Despite a daunting more than 130 million cases of SARS-CoV-2 infections to date worldwide, another global pathogen—the Aedes mosquito-borne dengue virus—saw a record number of over 400 million cases in 2019. But vaccine development has been challenging due to the need to protect equally against all four dengue strains. The discovery of new possible biomarkers to predict clinical and immune responses to dengue virus infection, published today in Nature Communications, could be critical to informing future vaccines.
As with SARS-CoV-2 infection, the effects of dengue virus infection can range from asymptomatic to severe disease that can be fatal. Climate change has expanded the viruses’ geographic distribution far beyond tropical areas like Southeast Asia and Latin America to the southern U.S. and Europe. Only one vaccine, Dengvaxia, has been approved for a subset of at-risk individuals in endemic areas.

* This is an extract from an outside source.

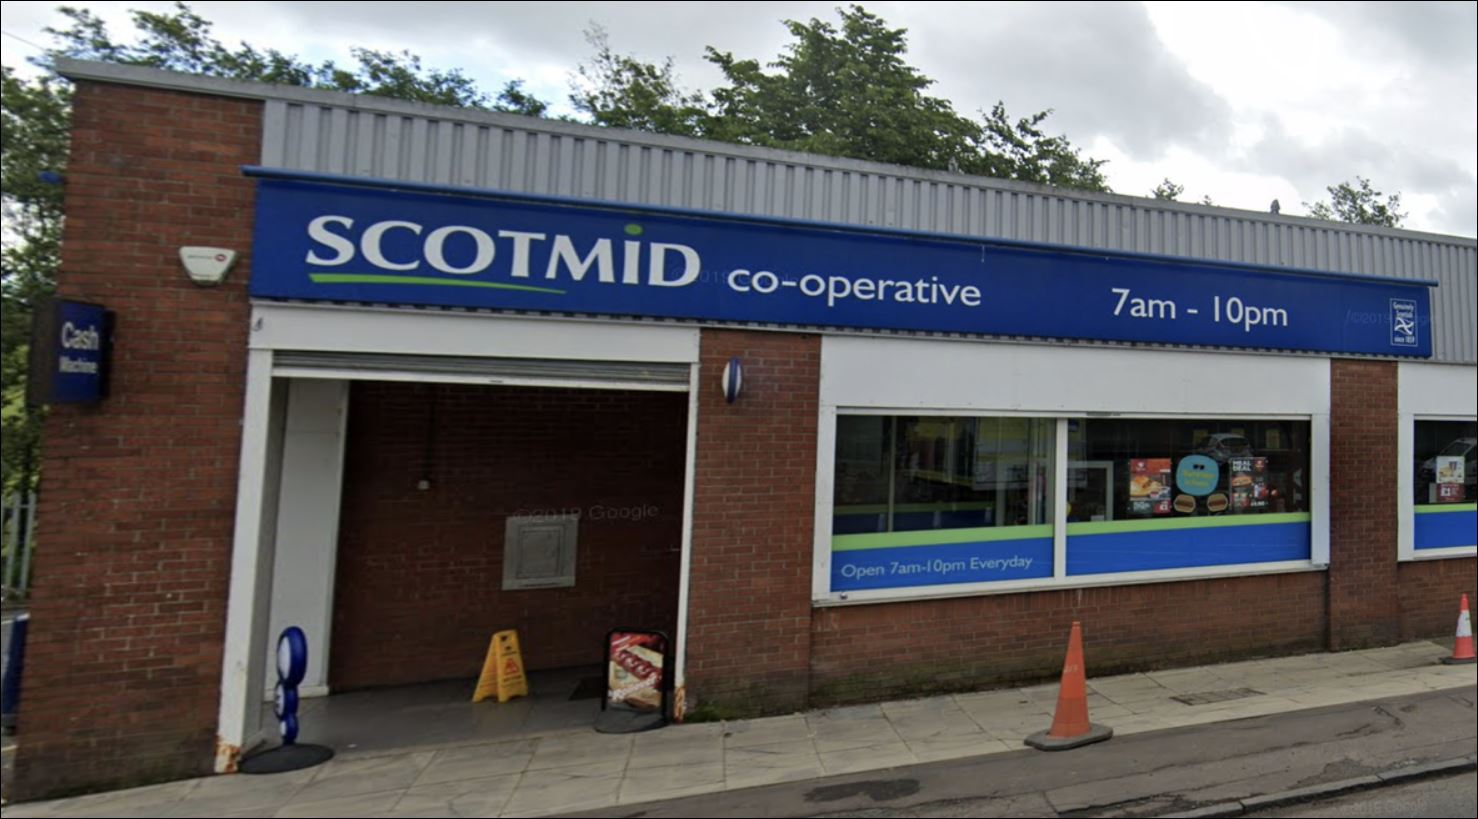 Scotmid Co-operative Customer Feedback Survey
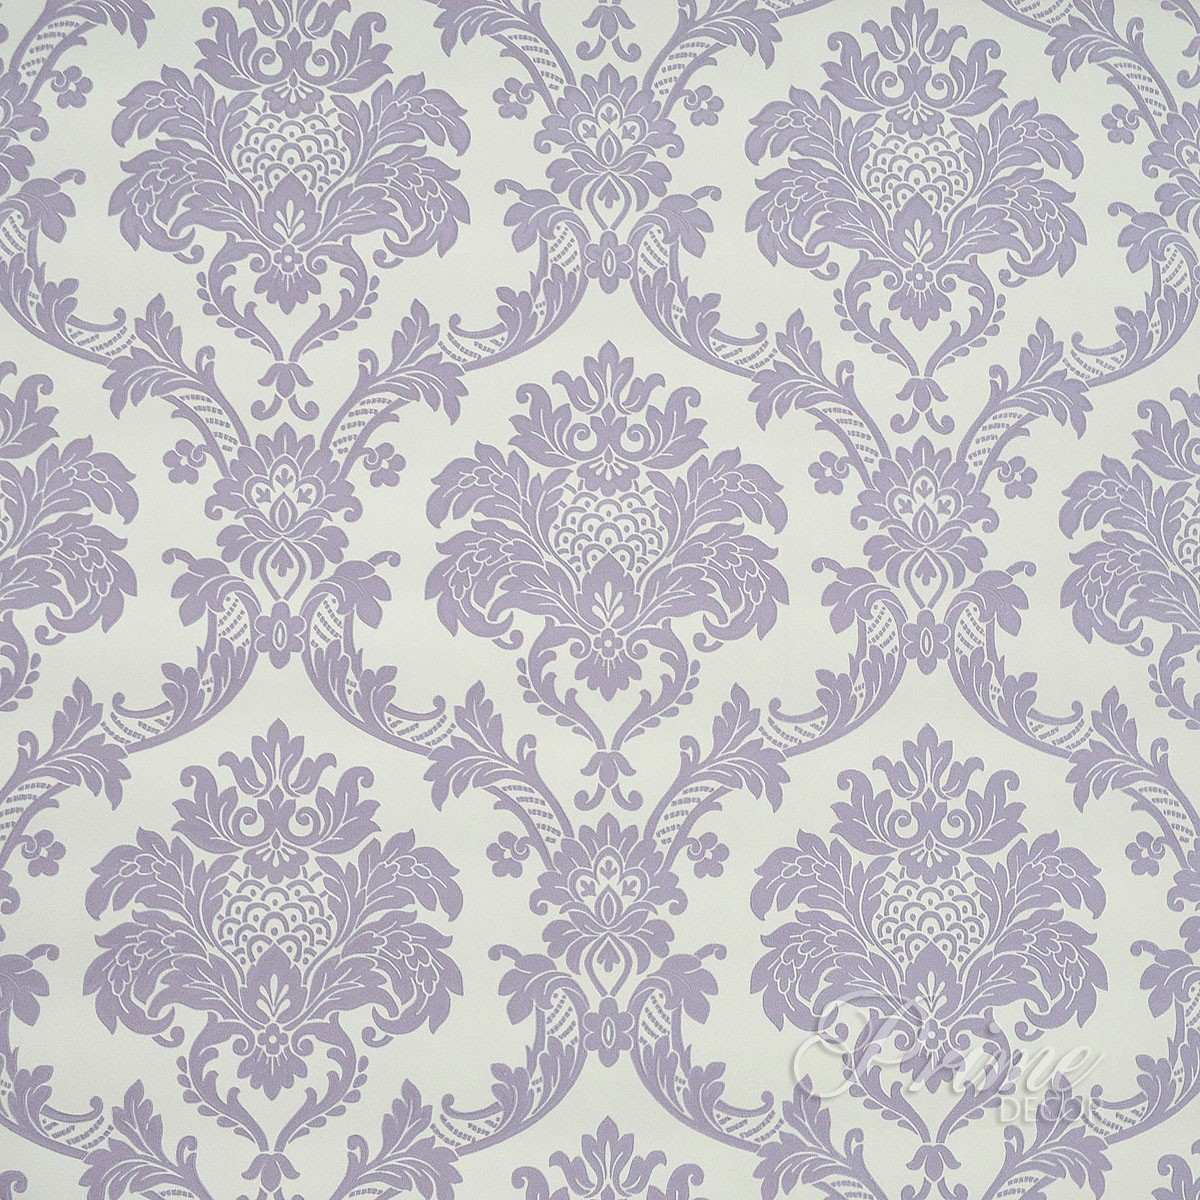 Papel de parede importado textura relevo damask roxo lil s for Papel de pared plata

This study, led by University of Vermont (UVM) Associate Professor of Microbiology and Molecular Genetics (MMG) Sean Diehl, Ph.D., set out to determine biomarker candidates and predictors for clinical and immunological responses resulting from dengue infection. Previous research published by Diehl and MMG Chair Beth Kirkpatrick, M.D., director of the UVM Vaccine Testing Center, has shown how a dengue vaccine being developed together with Johns Hopkins and the National Institutes of Health activates an immune response that protects against challenge with this dengue virus.
Live, weakened viruses are the basis for the most-effective and longest-lasting vaccines against many viral diseases. This “live attenuated” approach is used in the next-generation dengue vaccine that is being co-developed at UVM. To better understand how live attenuated dengue viruses turn on the immune system, Diehl and colleague John Hanley, Ph.D., a UVM research specialist, in collaboration with Kirkpatrick and the Vaccine Testing Center, investigated which genes are activated or repressed in the immune cells from subjects exposed to a well-characterized and safe live attenuated dengue virus. Hanley developed a new statistical approach to integrate the genomics data with the extensive clinical data collected during the careful monitoring of dengue virus-exposed study participants.
The team found strong correlations between the activation of specific immune genes and the ability of participants’ immune systems to turn on early cellular defense mechanisms and make protective antibodies against dengue virus.
“These data offer new potential biomarkers for characterizing dengue virus infection and novel pathways that could be leveraged to combat viral replication,” says Diehl. “Our results also gave us some clues about how we might be able to boost protective immune responses, which is the goal of developing effective vaccines.”
Diehl adds that for some of the genes identified in this study, little is known about their role in the response against dengue virus.
“This is very exciting, because it could lead to new ways to fight dengue, so we are now investigating these in the lab” says Diehl.
He and Kirkpatrick are also working to determine how long protective immunity lasts after receiving a dengue vaccine and are in the process of identifying volunteers who received the NIH-developed dengue vaccine up to 11 years ago to obtain a current blood sample for further testing.